[Tutor] Breaking threads
Daniel Yoo
dyoo@hkn.eecs.berkeley.edu
Mon, 30 Apr 2001 15:04:31 -0700 (PDT)
On Mon, 30 Apr 2001 kromag@nsacom.net wrote:
> I am working my way through "Programming Python" from the begining (I have
> asked too many silly questions! :-). Here is a non-silly question:
No problem.
> import thread, time
>
> glarf=open('\windows\desktop\goat.txt', 'w')
>
> def counter(myId, count):
> for i in range(count):
> mutex.acquire()
> # time.sleep(1)
> glarf.write('[%s]=> %s' % (myId, i))
> mutex.release()
>
> mutex = thread.allocate_lock()
> for i in range(10000):
> thread.start_new_thread(counter, (i, 3))
> It starts to write 10,000 counts to goat.txt, then dies with the following:
>
>
> Traceback (most recent call last):
> File "cornfedbeef.py", line 14, in ?
> thread.start_new_thread(counter, (i, 3))
> thread.error: can't start new thread
>
> It works fine in iterations of 10, 100 and 1000. Why does it puke at the
> 10000 mark?
Python's thread support is based on what the system underneath provides
us. Unfortunately, not all platforms support a threaded model well.

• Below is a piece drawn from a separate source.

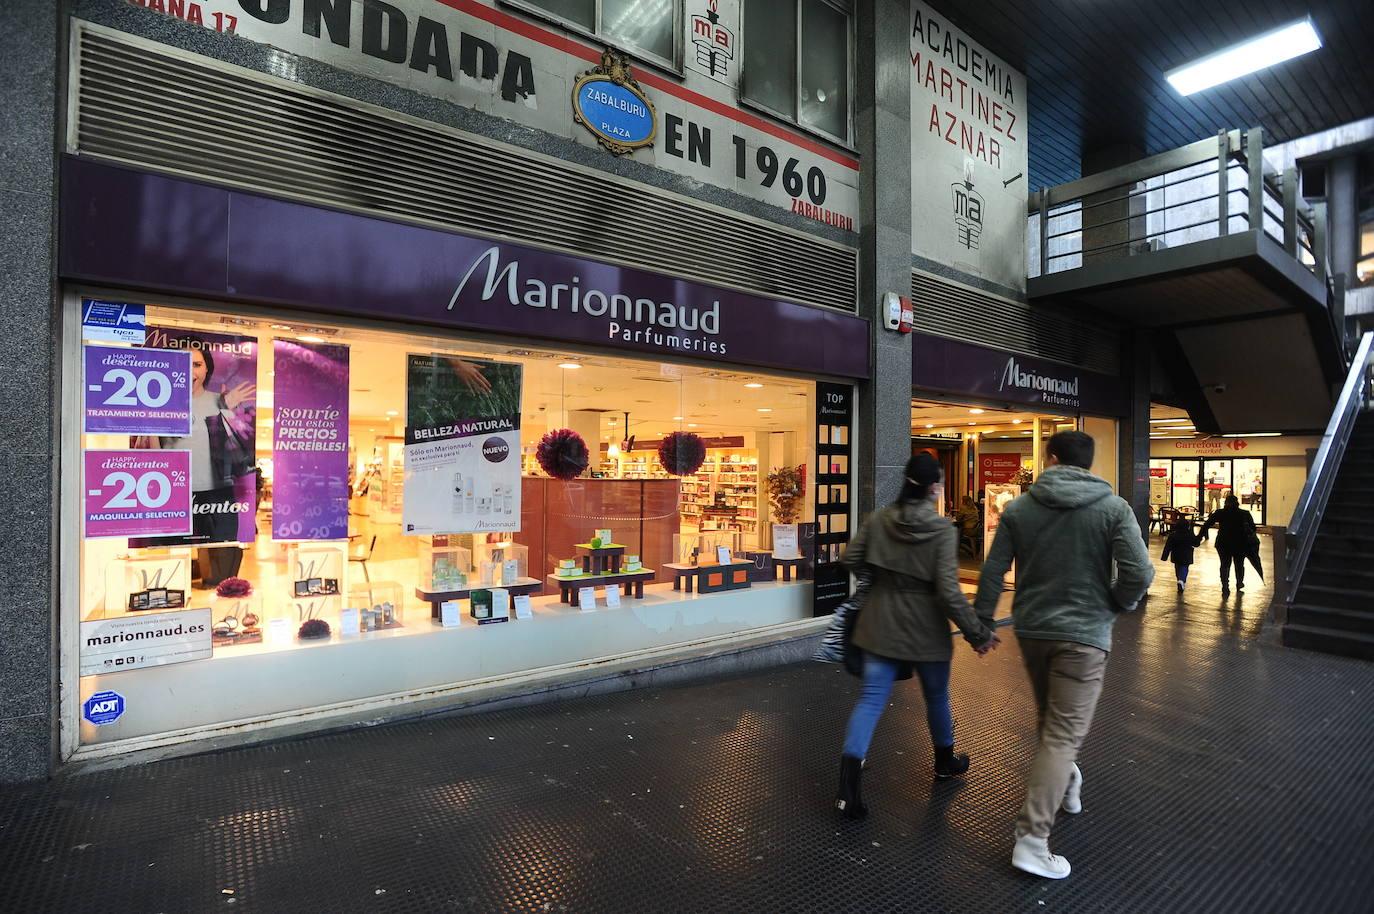 Marionnaud cerrará en enero sus 10 perfumerías vizcaínas y dejará en la calle a más de 50 empleadas

What probably happened was that the system got flooded by too many
threads.
Many systems have a hard time supporting even 1000 threads. According to
one group:
"It has been our experience that in real world use, Windows NT is
incapable of running more than 1000 simultaneous threads at a time"

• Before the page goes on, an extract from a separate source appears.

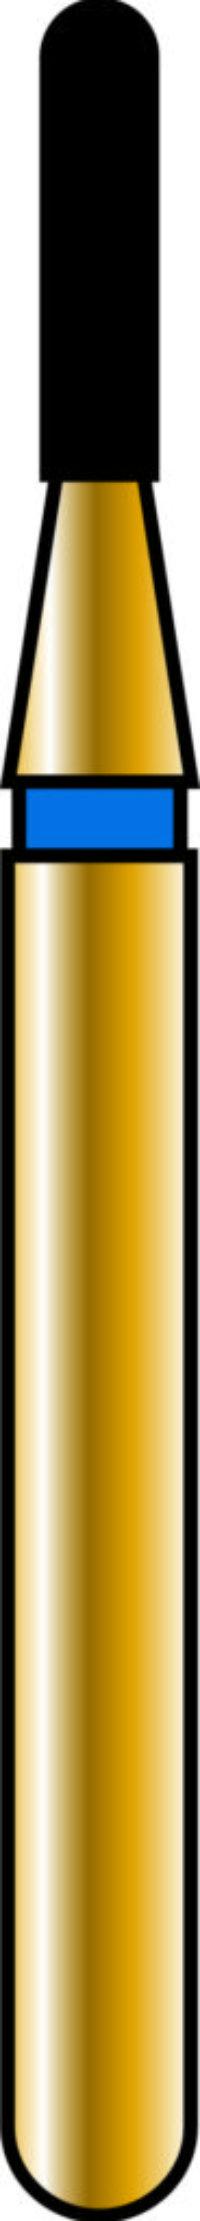 Round End Cylinder 10-4mm Gold Diamond Bur

http://www.lyris.com/about/company/whitepapers/lm_extreme/secondgen.html
On the Linux side, the story is even more grim: you're limited to 256
threads at a time:
http://pauillac.inria.fr/~xleroy/linuxthreads/faq.html
So this is something that will probably need to be fixed. At the moment
though, try to avoid writing programs that abuse the threading system.